Over the last month, the market has gotten a series of data points heavily inclined to supporting a narrative that the Fed will start easing soon. That puts the market predisposed to expecting an affirmation of a weaker jobs market that would keep that narrative going. The big data point was inflation falling compared to the prior month, and Core PCE continuing its slow descent.

Though the Fed seems adamant about keeping the market uncomfortable about the forward rate path. The gist of the series of FOMC members who have spoken over the last couple of weeks is to stick to the theme that inflation is not convincingly declining just yet. More data is needed. Markets might take solace in a second consecutive month of softer jobs data as that missing data that’s needed to get the Fed on the easing path.

The Data that Matters the Most

The central issue for the Fed and therefore the markets is the upward pressure on inflation coming from wages. Since inflation fell below the rate of wage increases, strong wage growth can be an obstacle to bring down inflation. So, the market will be looking for signs of “loosening” in the labor market.

The JOLTS report earlier in the week provided some bad news on that front, as it showed that open jobs still significantly outpaced the number of people looking for work. But, more importantly, it essentially said that the labor market situation remained unchanged for the month. The key metric is the number of quits and rehires, since that shows how easy it is for workers to get a new (better paid) job. And that ratio also remained unchanged, showing that the labor market remained just as tight as it was before in April.

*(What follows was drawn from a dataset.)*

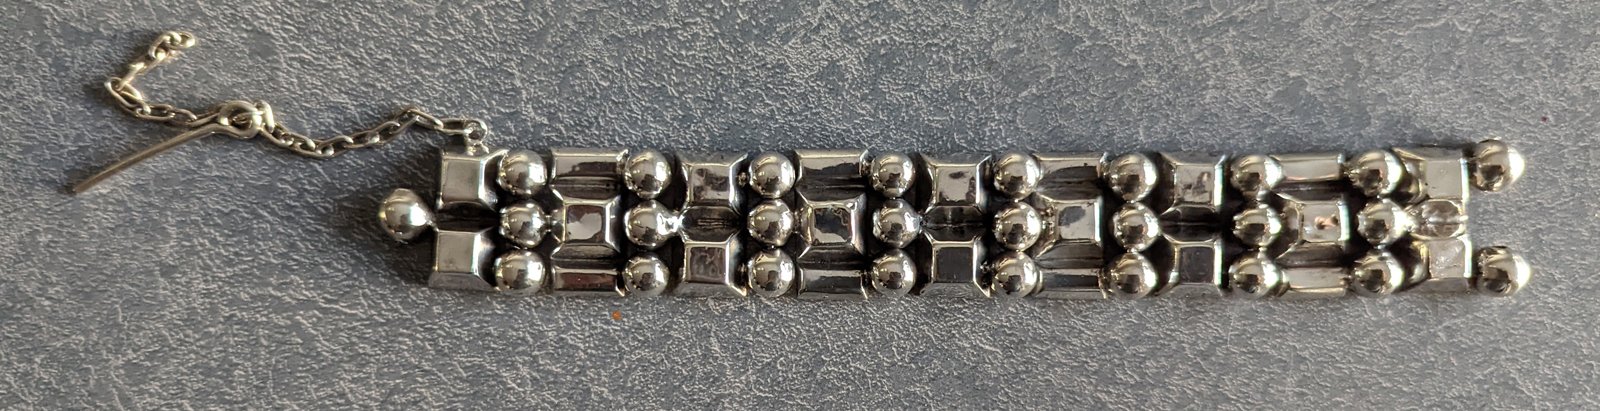 Past auction: Mexican silver jewelry, Margot de Taxco 20th century | July  26, 2010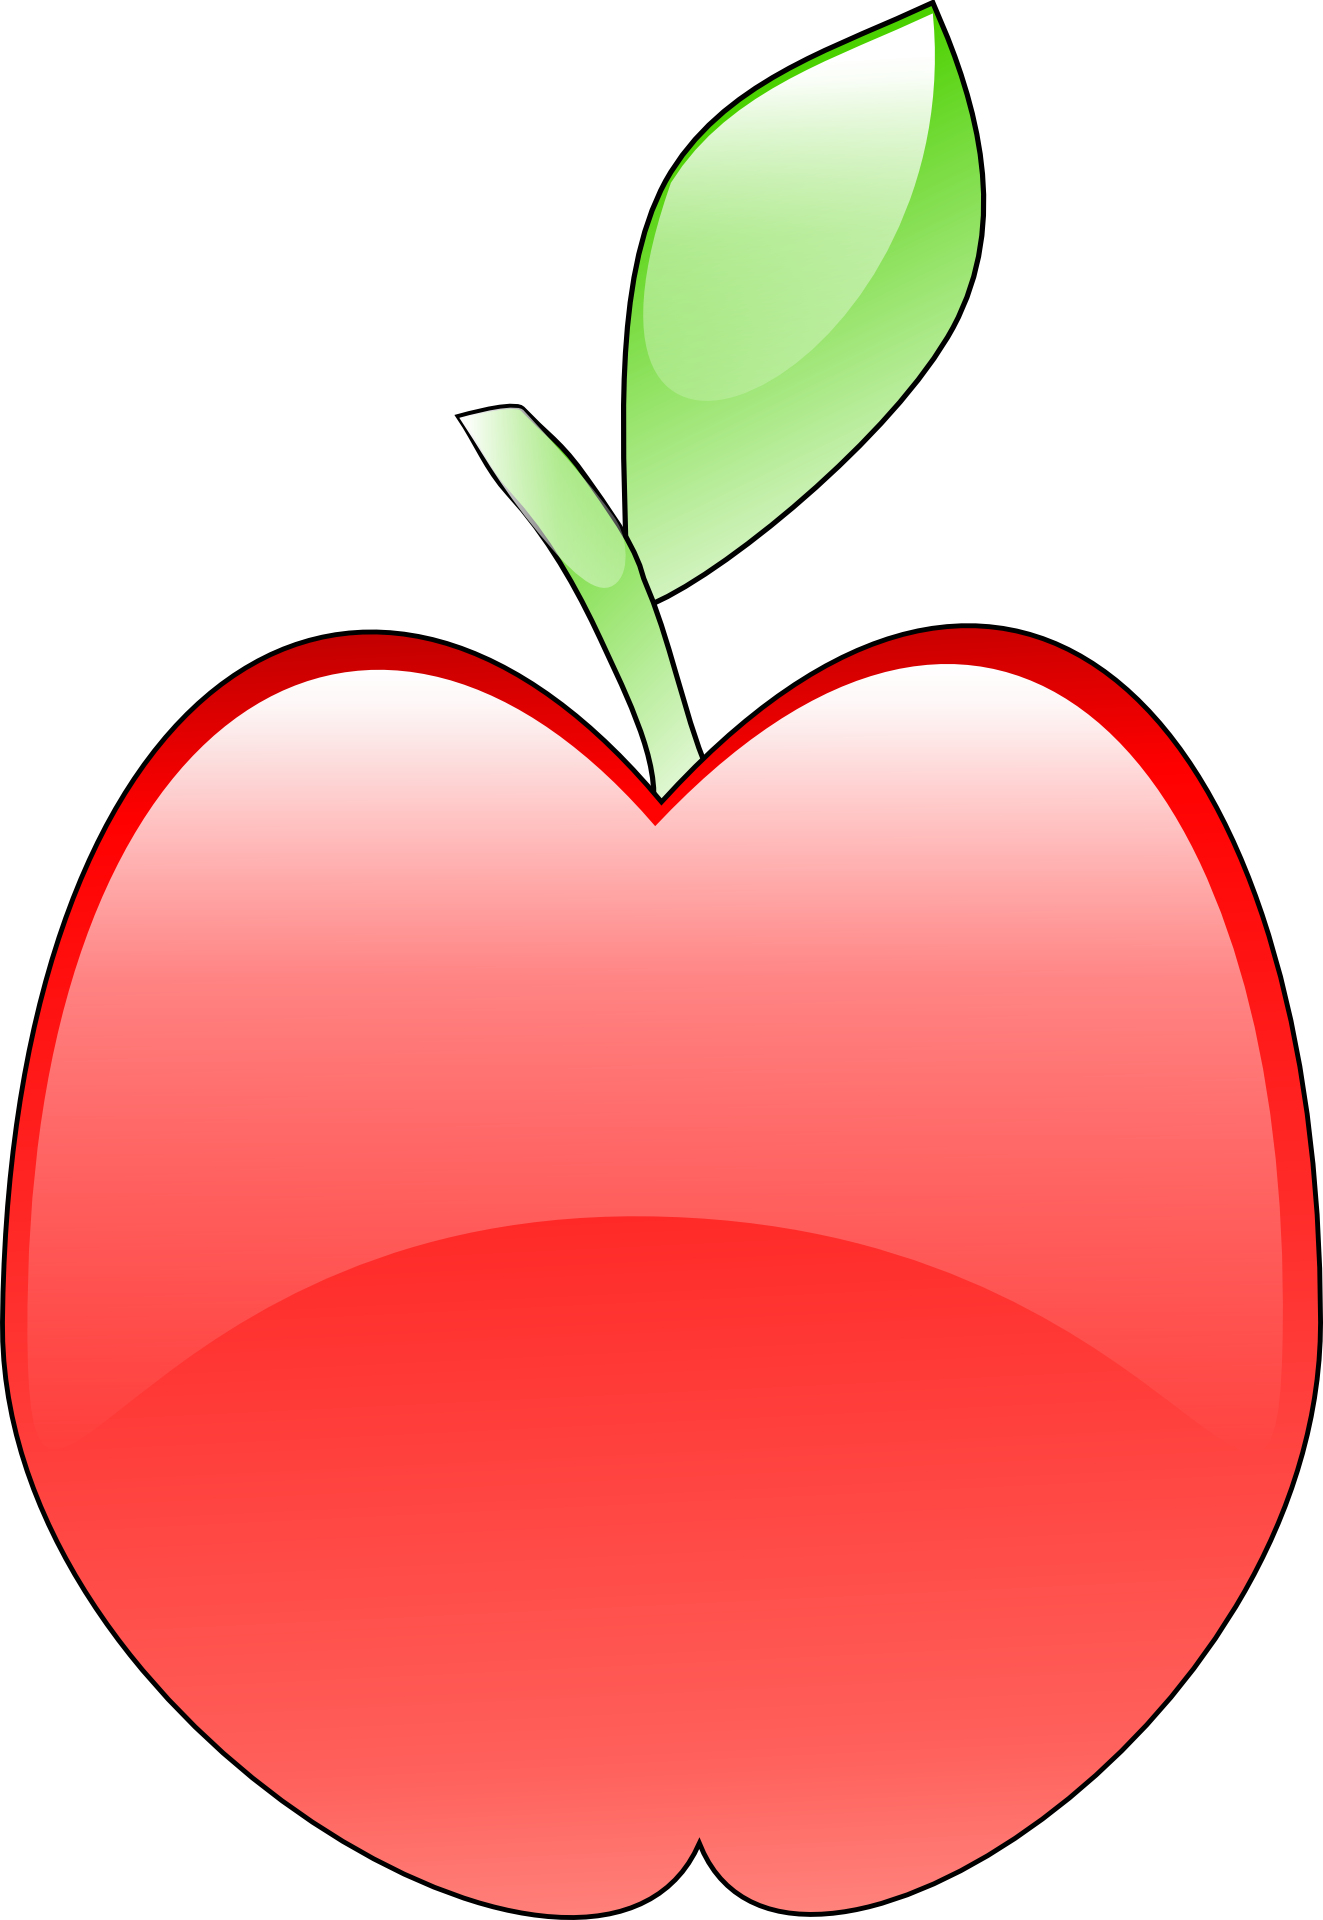 Dainty red apple drawing free image download

Getting Wages to Toe the Line

The data point that might be the most relevant is the average hourly earnings figure, which is expected to be unchanged at 3.9% annual growth. A drop in that figure would likely be understood as a sign that the labor market is loosening, as workers take on smaller salary increases out of concern that they won’t be able to get a better alternative.

The unemployment rate is expected to remain unchanged at 3.9%. That is generally understood to be below the structural level, and contributing to tightness in the labor market. So another uptick in the job seeker rate could be seen as another sign of loosening labor markets. That’s seen as the key element the Fed is looking for to feel confident that the economy isn’t running too hot and they can finally start easing.